You can verify that you successfully created your collection in Solr by going to Hue, and clicking Search in the top menu

Then click on Indexes from the top right to see all of the indexes/collections.

Now you can see the collection that we just created, live_logs, click on it.

You are now viewing the fields that we defined in our schema.xml file.

Now that you have verified that your search collection/index was created successfully, we can start putting data into it using Flume and Morphlines. Flume is a tool for ingesting streams of data into your cluster from sources such as log files, network streams, and more. Morphlines is a Java library for doing ETL on-the-fly, and it's an excellent companion to Flume. It allows you to define a chain of tasks like reading records, parsing and formatting individual fields, and deciding where to send them, etc. We've defined a morphline that reads records from Flume, breaks them into the fields we want to search on, and loads them into Solr (You can read more about Morphlines here). This example Morphline is defined at /opt/examples/flume/conf/morphline.conf, and we're going to use it to index our records in real-time as they're created and ingested by Flume.

Apache Flume and the Morphline

Now that we have an empty Solr index, and live log events coming in to our fake access.log, we can use Flume and morphlines to load the index with the real-time log data.

The key player in this tutorial is Flume.

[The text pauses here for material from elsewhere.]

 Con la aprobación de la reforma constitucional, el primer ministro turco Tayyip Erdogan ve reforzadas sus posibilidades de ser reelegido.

Flume is a system for collecting, aggregating, and moving large amounts of log data from many different sources to a centralized data source.

With a few simple configuration files, we can use Flume and a morphline (a simple way to accomplish on-the-fly ETL,) to load our data into our Solr index.

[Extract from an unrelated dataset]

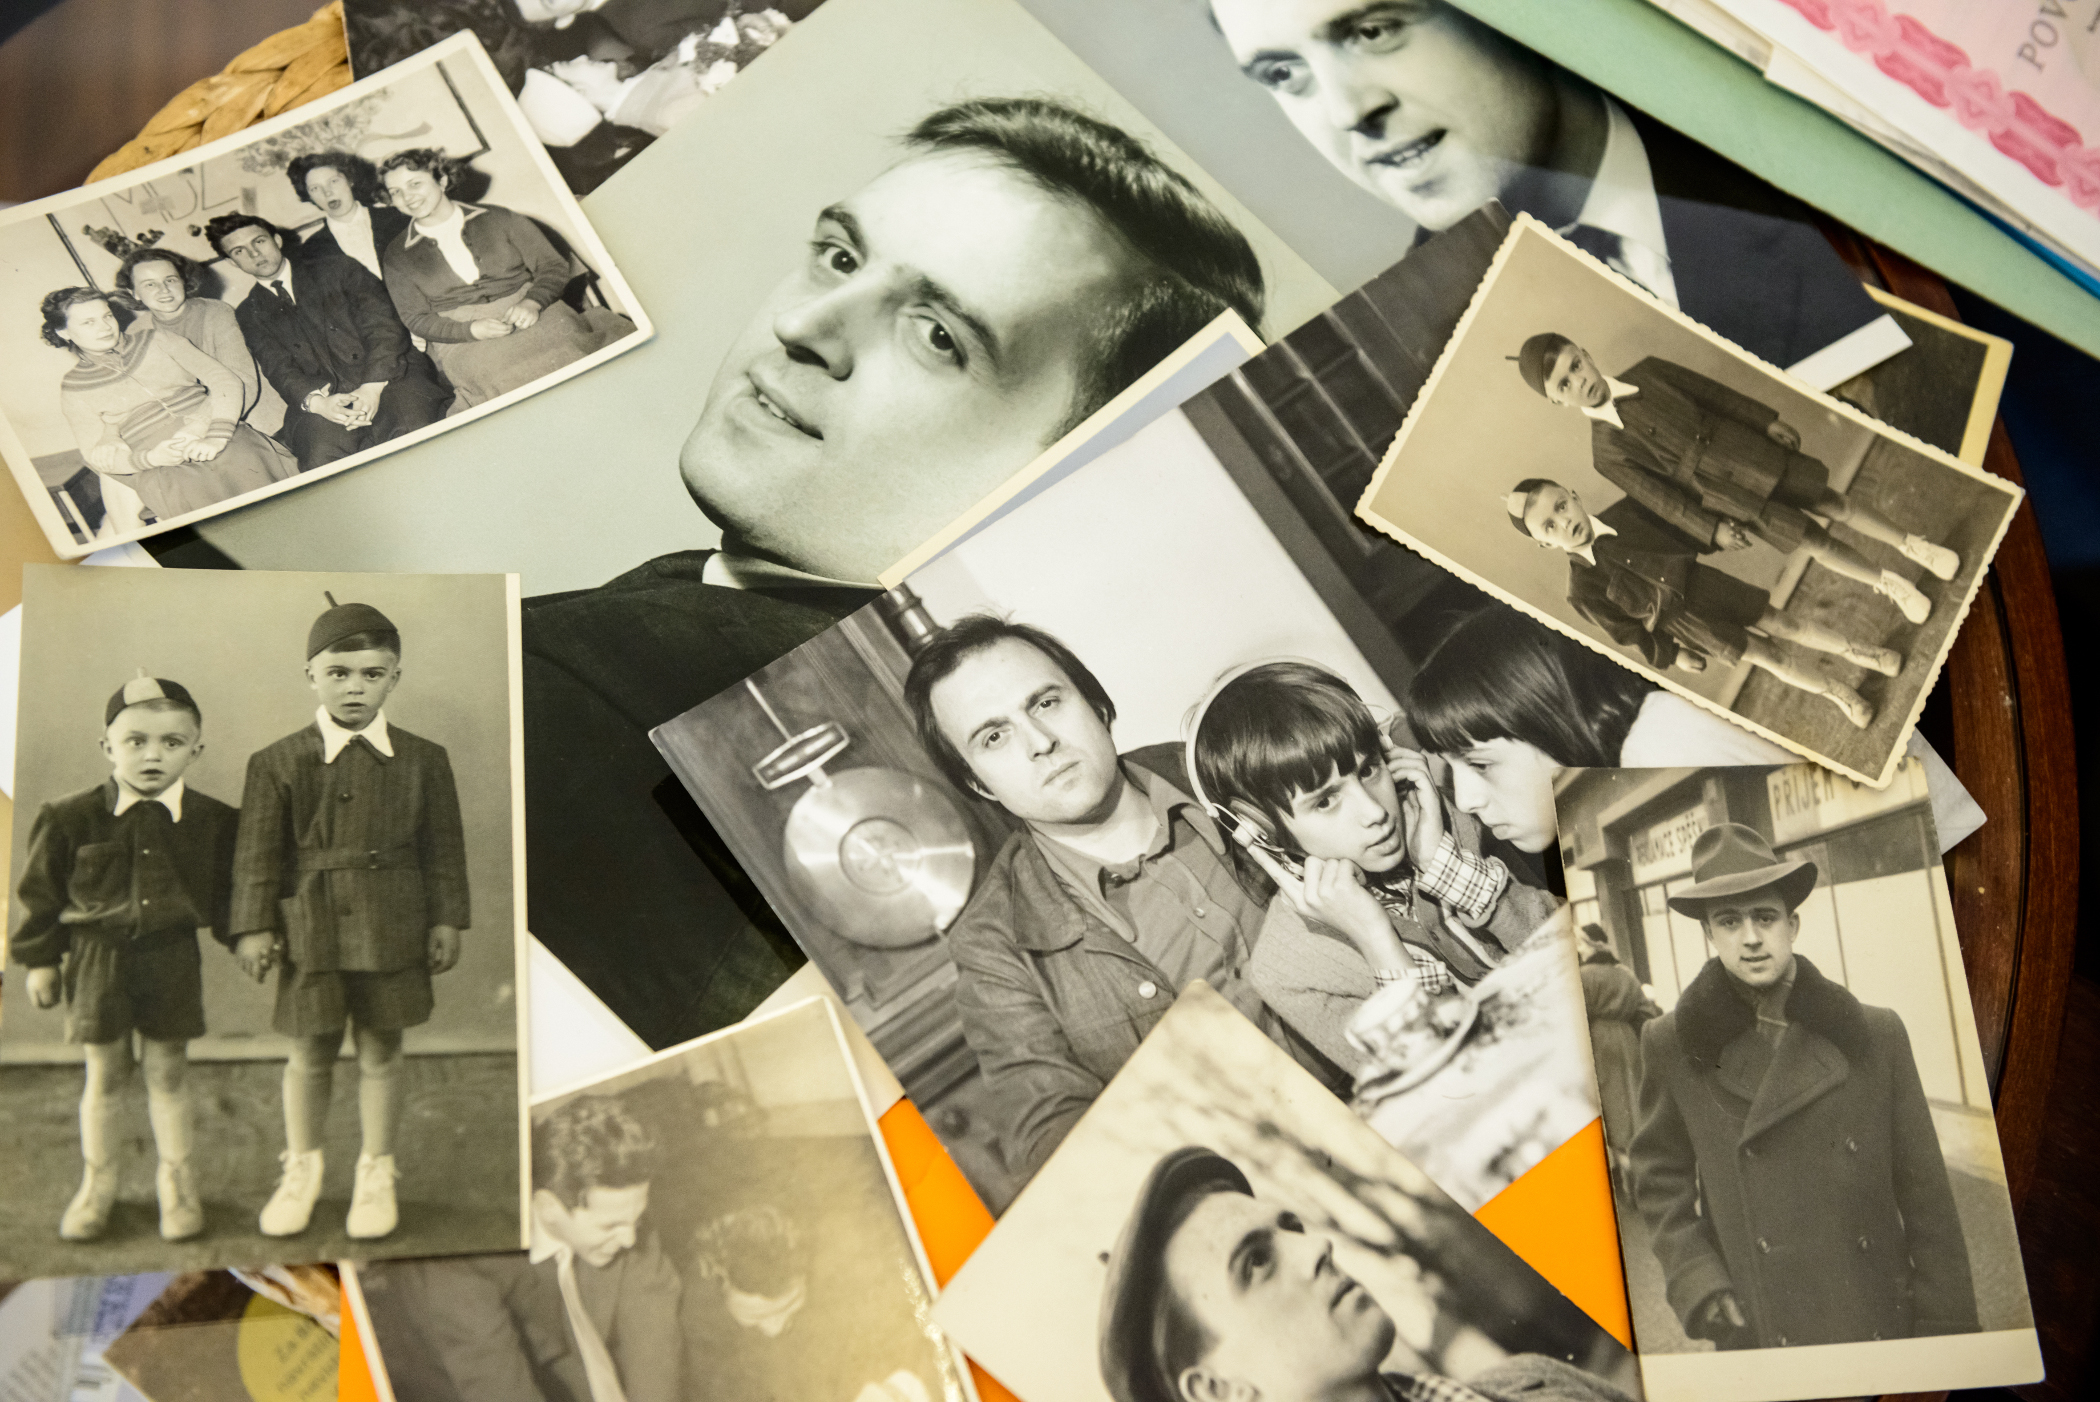 Milena ukazuje fotografie svého otce, zcela vlevo je fotografie Jiřího Gruši z dětství, spolu s jeho bratrem

(Note: You can use Flume to load many other types of data stores; Solr is just the example we are using for this tutorial.)

Start the Flume agent by executing the following command:

> flume-ng agent \
    --conf /opt/examples/flume/conf \
    --conf-file /opt/examples/flume/conf/flume.conf \
    --name agent1 \
    -Dflume.root.logger=DEBUG,INFO,console

This will start running the Flume agent in the foreground. Once it has started, and is processing records, you should see something like:

Now you can go back to the Hue UI, and click 'Search' from the collection's page:

You will be able to search, drill down into, and browse the events that have been indexed.

If one of these steps fails, please reach out to the Discussion Forum and get help. Otherwise, you can start exploring the log data and understand what is going on.

For our story's sake, we pretend that you started indexing data the same time as you started ingesting it (via Flume) to the platform, so that when your manager escalated the issue, you could immediately drill down into data from the last three days and explore what happened. For example, perhaps you noted a lot of DDOS events and could take the right measures to preempt the attack. Problem solved! Management is fantastically happy with your recent contributions, which of course leads to a great bonus or something similar. :D

Conclusion:

Now you have learned how to use Cloudera Search to allow exploration of data in real time, using Flume and Solr and Morphlines. Further, you now understand how you can serve multiple use cases over the same data - as well as from previous steps: serve multiple data sets to provide bigger insights. The flexibility and multi-workload capability of a Hadoop-based Enterprise Data Hub are some of the core elements that have made Hadoop valuable to organizations world wide.